The input bundle is the contract between the browser layer and the evaluators. Every agent gets the same structured payload, regardless of whether the original input was a URL, a screenshot, or raw markup.
02 · Parallel evaluation
An orchestrator agent dispatches the evaluator agents in parallel. A concurrency semaphore caps in-flight calls at four, and failed evaluations are retried with exponential backoff.

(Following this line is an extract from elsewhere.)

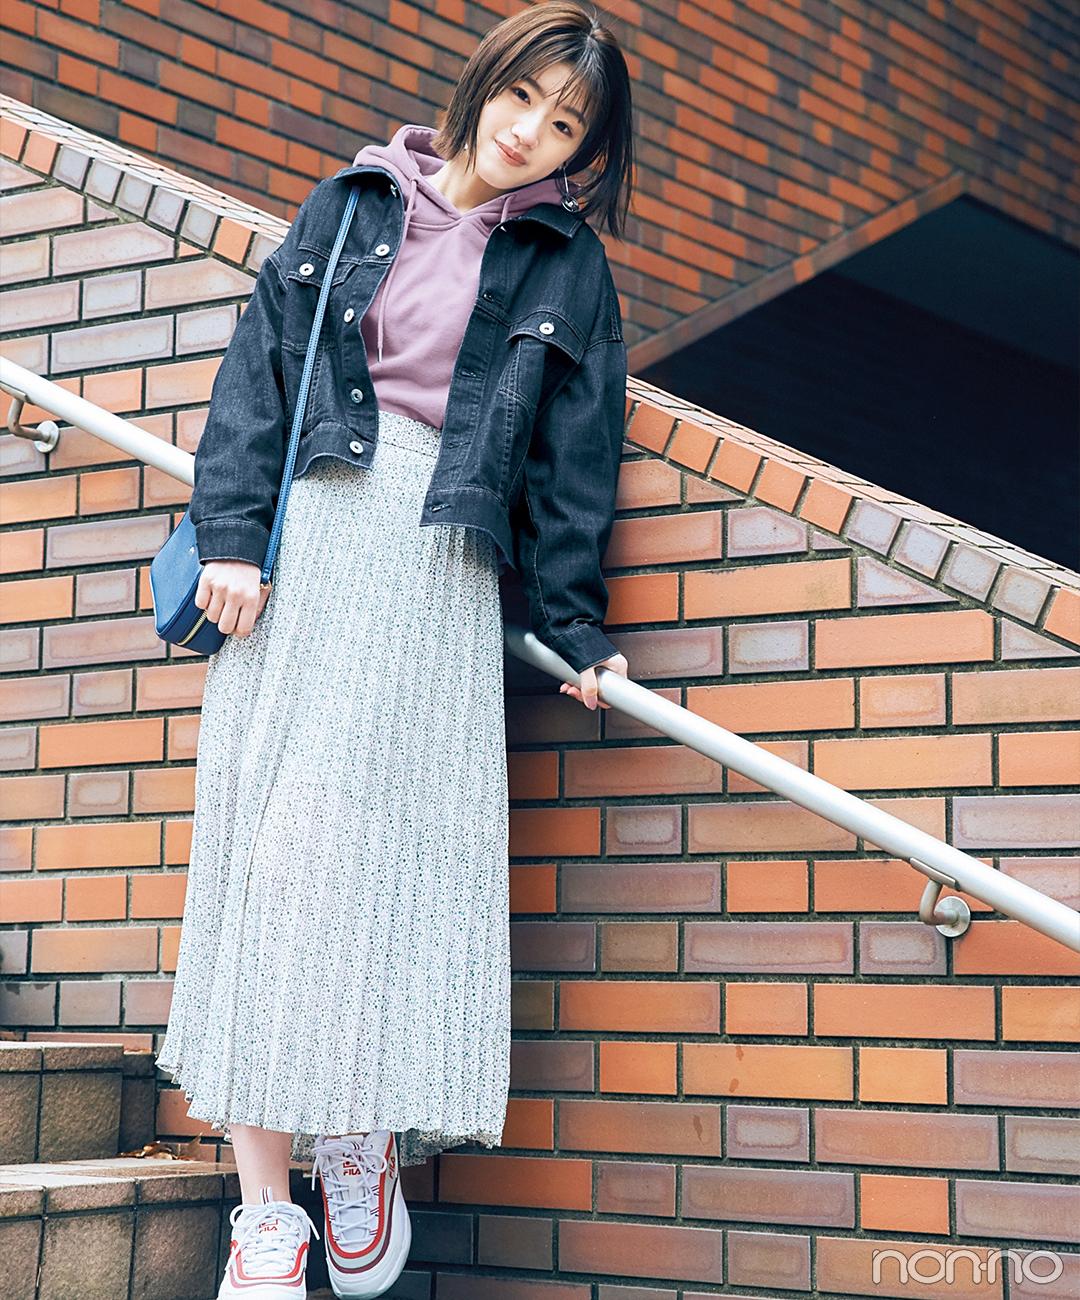 Gジャン&スカートの超鉄板コーデはフーディでトレンド顔に!【毎日コーデ】_1_1

Each agent receives the same input bundle and evaluates independently. Results stream back to the client via SSE/NDJSON as each framework completes.
03 · Composite grade
Five heterogeneous scoring scales (0–4↓ severity, 1–10↑, 1–10↓, pass/fail, and 0–4↓ ability) are normalised to a common 0–100 range. Per-criterion severity labels (None / Low / Medium / High / Critical) are assigned by each evaluator.
Framework means are averaged into a composite score mapping to a letter grade: A+ (≥90), A (≥80), B (≥70), C (≥60), D (≥50), F (<50). The per-framework breakdown remains visible below the composite score.
Frameworks
Iris keeps each framework result separate, then provides a composite score for comparison across evaluations.

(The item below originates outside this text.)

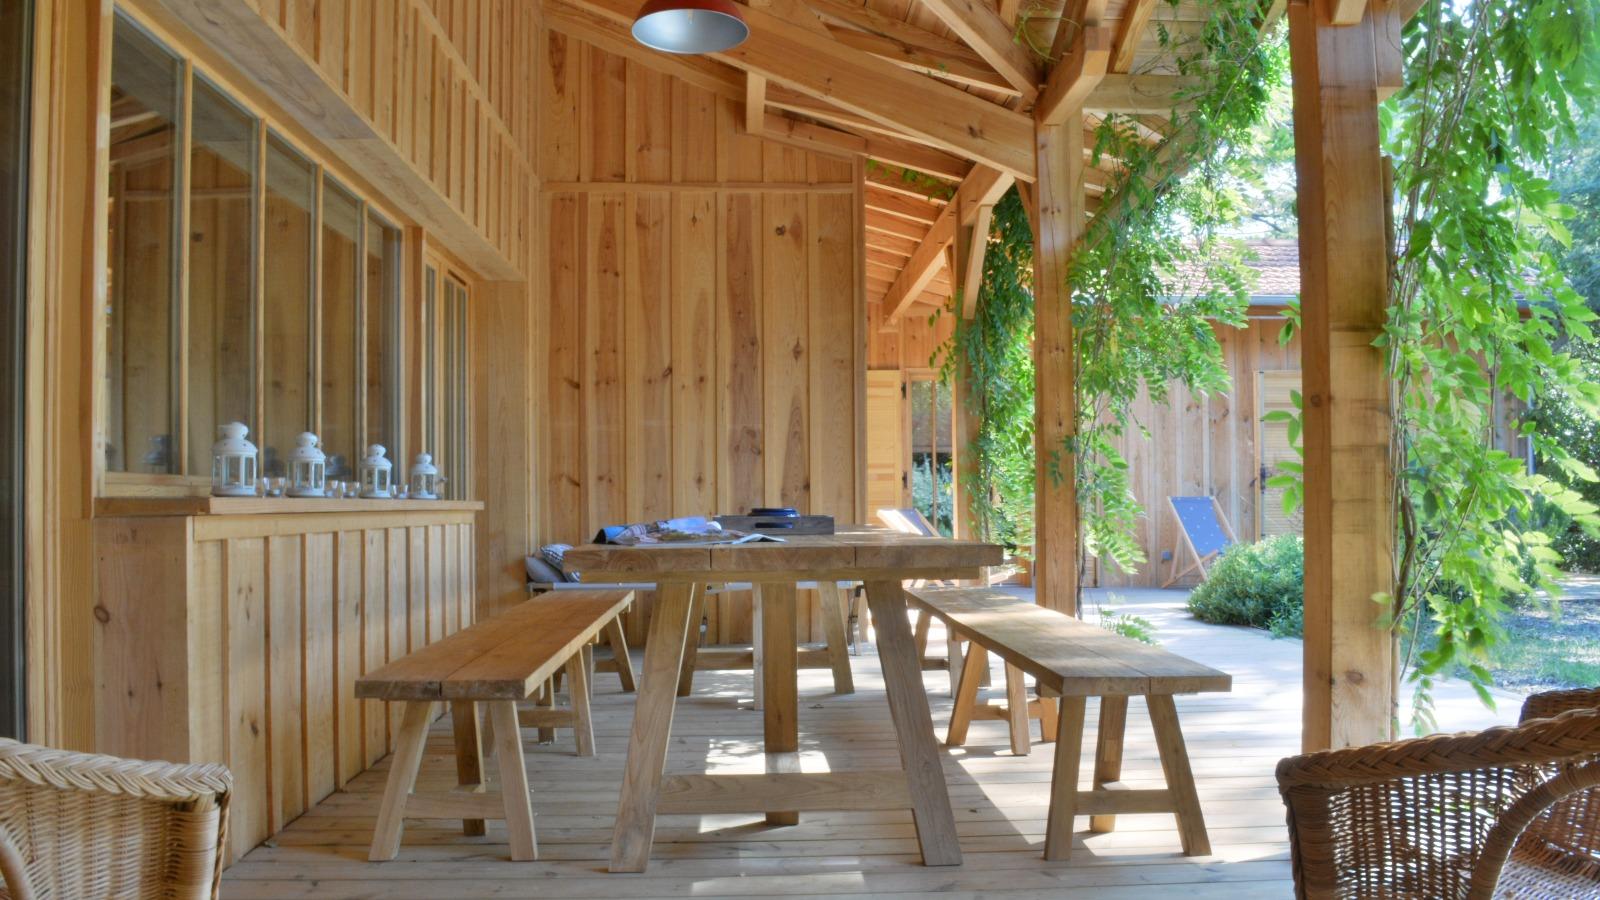 maison en bois esprit cabane proche plage maison bois 6 pièces 5

Nielsen's 10 Usability Heuristics
10 criteria · 0–4 severity scale
Shneiderman's 8 Golden Rules
8 criteria · 1–10 scale
WCAG 2.1 (Level AA)
15 criteria · pass/fail
Cognitive Load Assessment
8 criteria · 1–10 scale
Visual Design Principles
10 criteria · 1–10 scale
Google HEART Framework
5 criteria · 1–10 scale
UX Honeycomb
7 criteria · 1–10 scale
Don Norman's Design Principles
7 criteria · 1–10 scale
Fogg Behavior Model
5 criteria · 1–10 scale
Ability Heuristics
9 criteria · 0–4 severity scale
Construct Validity
We built four versions of a single webpage with systematically varying design quality, from catastrophic (every criterion deliberately violated) to Grade A, and confirmed that Iris scores progress monotonically across all 10 frameworks.
11.9
V1 Composite
Catastrophic design. Every criterion violated.
66.2
V2 Composite
Structural fix. Semantic HTML, WCAG-compliant.
74.7
V3 Composite
Full polish. Design tokens, hero, social proof.
80.4
V4 Composite
Iterative refinement guided by V3 Iris output.